What's not represented
- · Casual gamers who prefer unranked play
- · Game designers balancing queue times versus match quality
Why this matters
Understanding how these algorithms evaluate your performance helps demystify the often-frustrating experience of competitive matchmaking, revealing exactly why your rank moves the way it does after a win or loss.
Key points
- Matchmaking algorithms have evolved from single-number systems to complex probability distributions.
- The classic Elo system is transparent and self-correcting but struggles to quickly rank new players.
- Glicko-2 introduces 'uncertainty' and 'volatility' metrics to rapidly adjust ratings during streaks or after inactivity.
- Microsoft's TrueSkill uses Bayesian inference to handle team-based games and massive free-for-alls.
- Modern systems require significantly fewer games to find a player's true skill level, eliminating the traditional 'grind'.
Matchmaking is the invisible engine of modern competitive play. Whether you are queuing up for a quick game of online chess or dropping into a massive multiplayer arena, an algorithm is quietly calculating your worth. The goal is always the flow state: matching you with opponents just skilled enough to challenge you, but not so dominant that they crush your spirit.[6]
Achieving this balance requires translating human ability into mathematics. Over the last sixty years, the algorithms tasked with this translation have evolved from simple, single-number ledgers to complex probability distributions.
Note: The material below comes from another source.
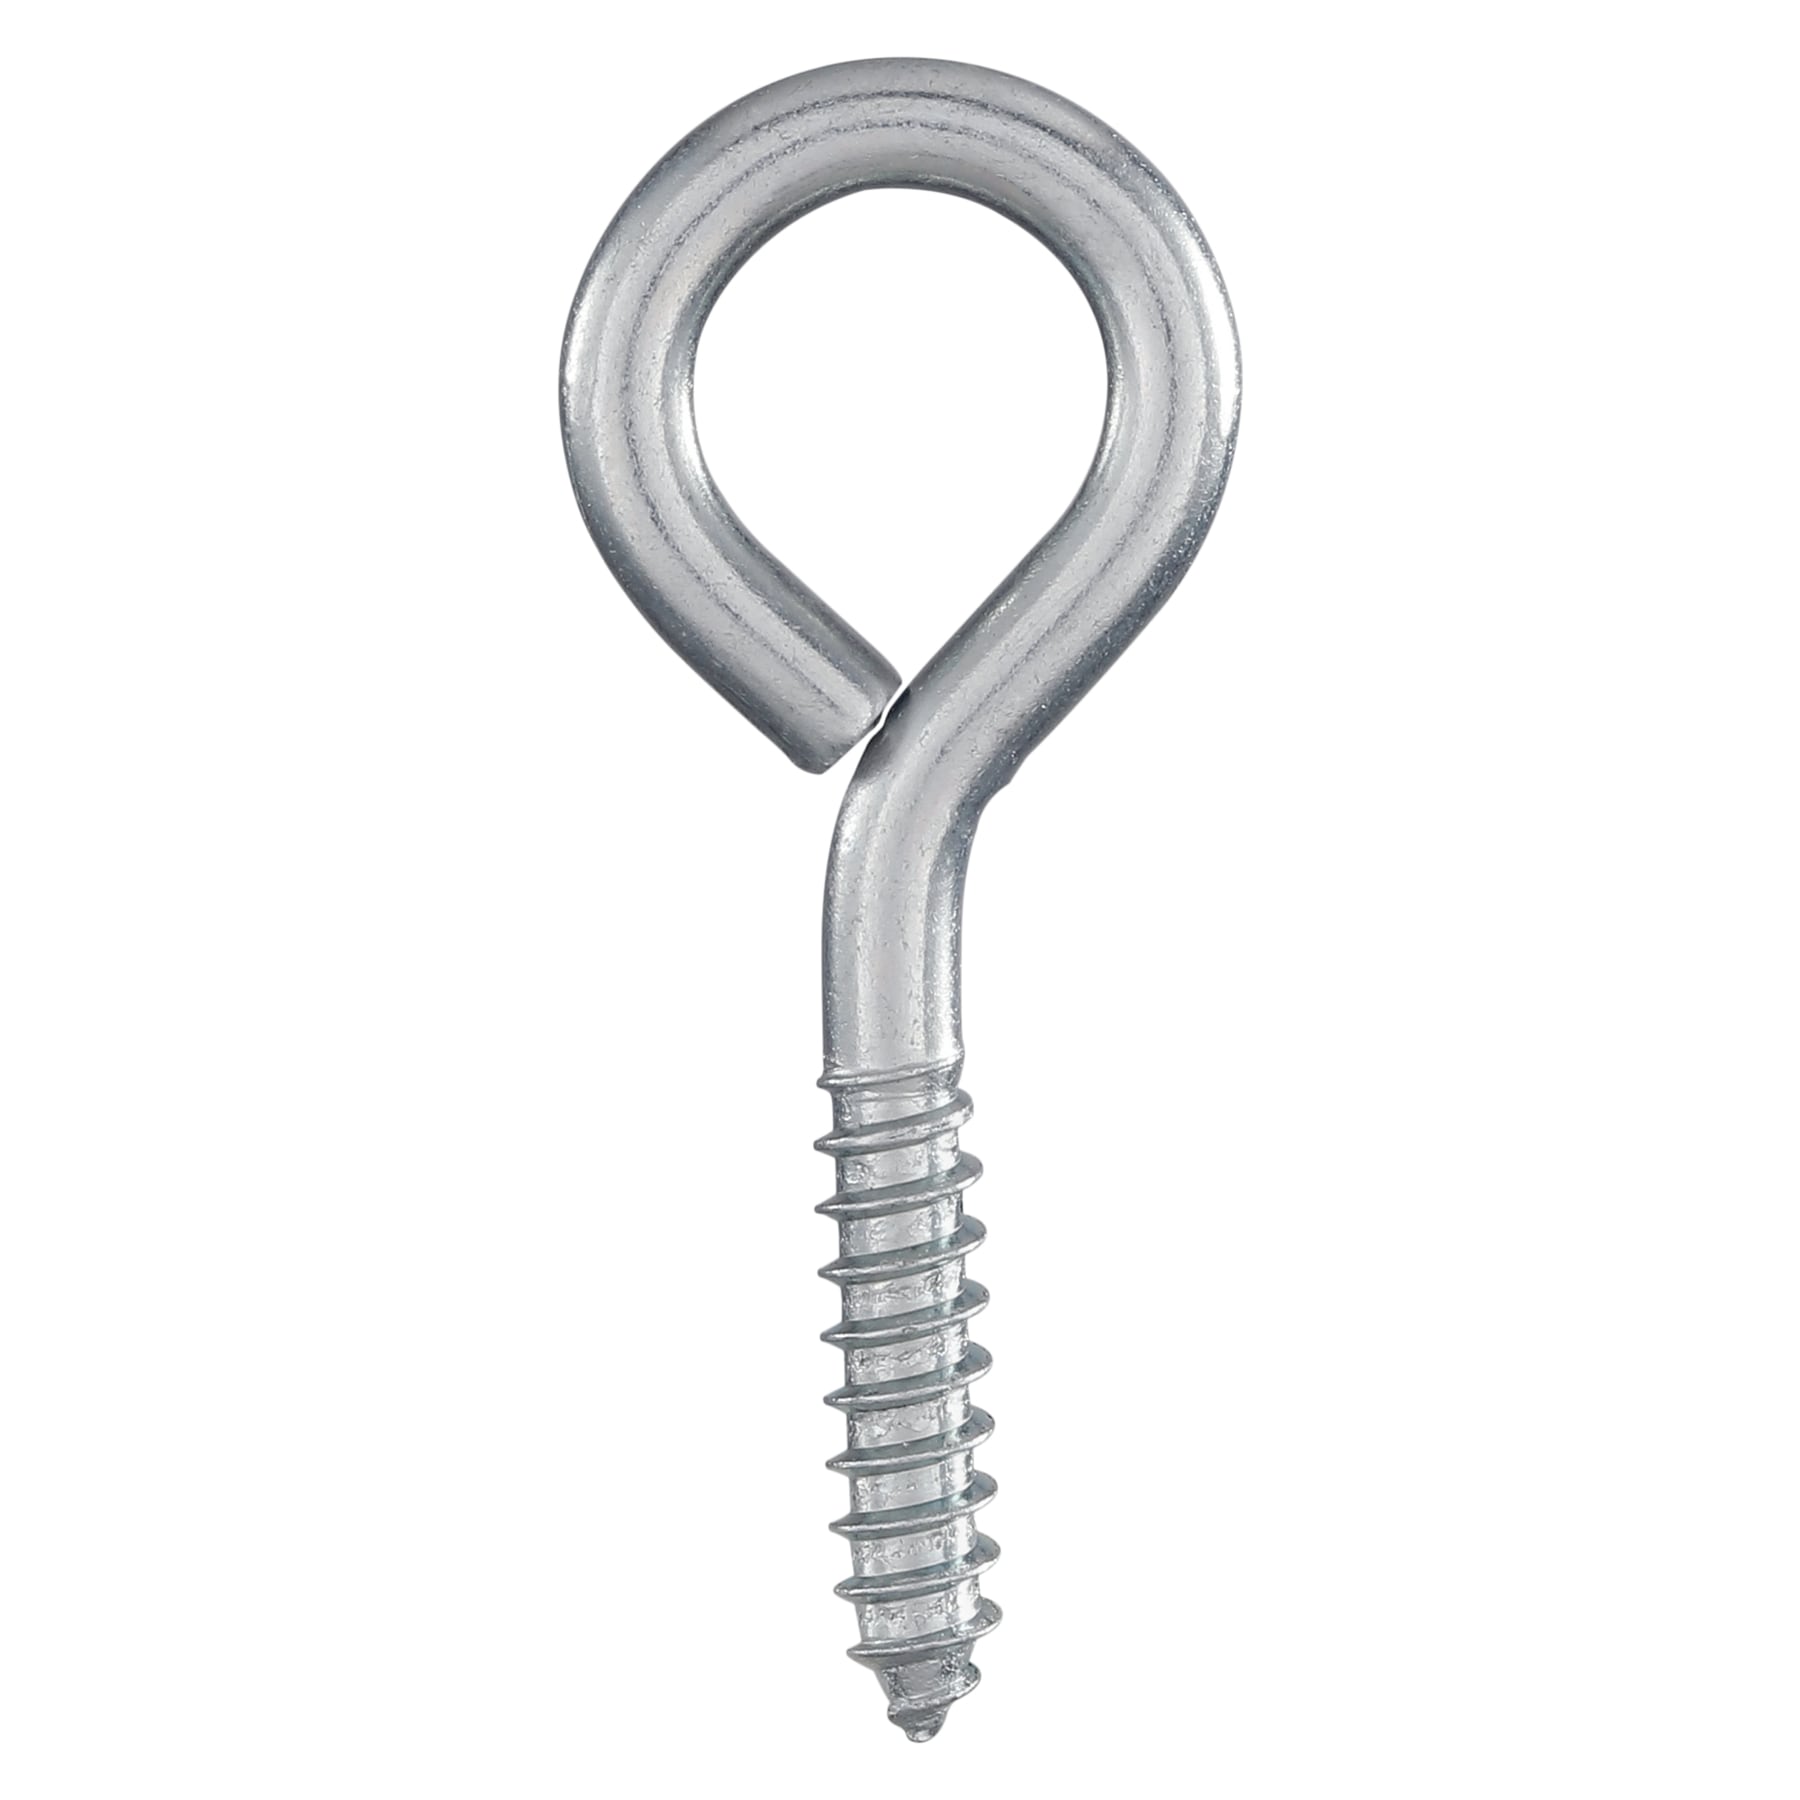 Buy Eyelet screw with wood screw thread, zinc plated online

Today, three major systems dominate the landscape of competitive ranking: the classic Elo system, the highly responsive Glicko-2, and Microsoft’s team-focused TrueSkill.[6]
The grandfather of them all is the Elo rating system, developed in 1960 by physics professor and chess master Arpad Elo. Designed to replace the flawed Harkness system, Elo introduced a rigorous statistical foundation to competition. It assumes that a player’s performance in any given match is a normally distributed random variable, and their rating represents the mean of that distribution.[1]
The mechanics of Elo are elegantly simple. It is a zero-sum exchange: if a player with a 1200 rating defeats a player with a 1600 rating, the underdog takes significantly more points than if the roles were reversed. The system is entirely self-correcting over long periods; if your rating is artificially high, you will eventually lose to lower-rated players and bleed points until you reach your true level.[1]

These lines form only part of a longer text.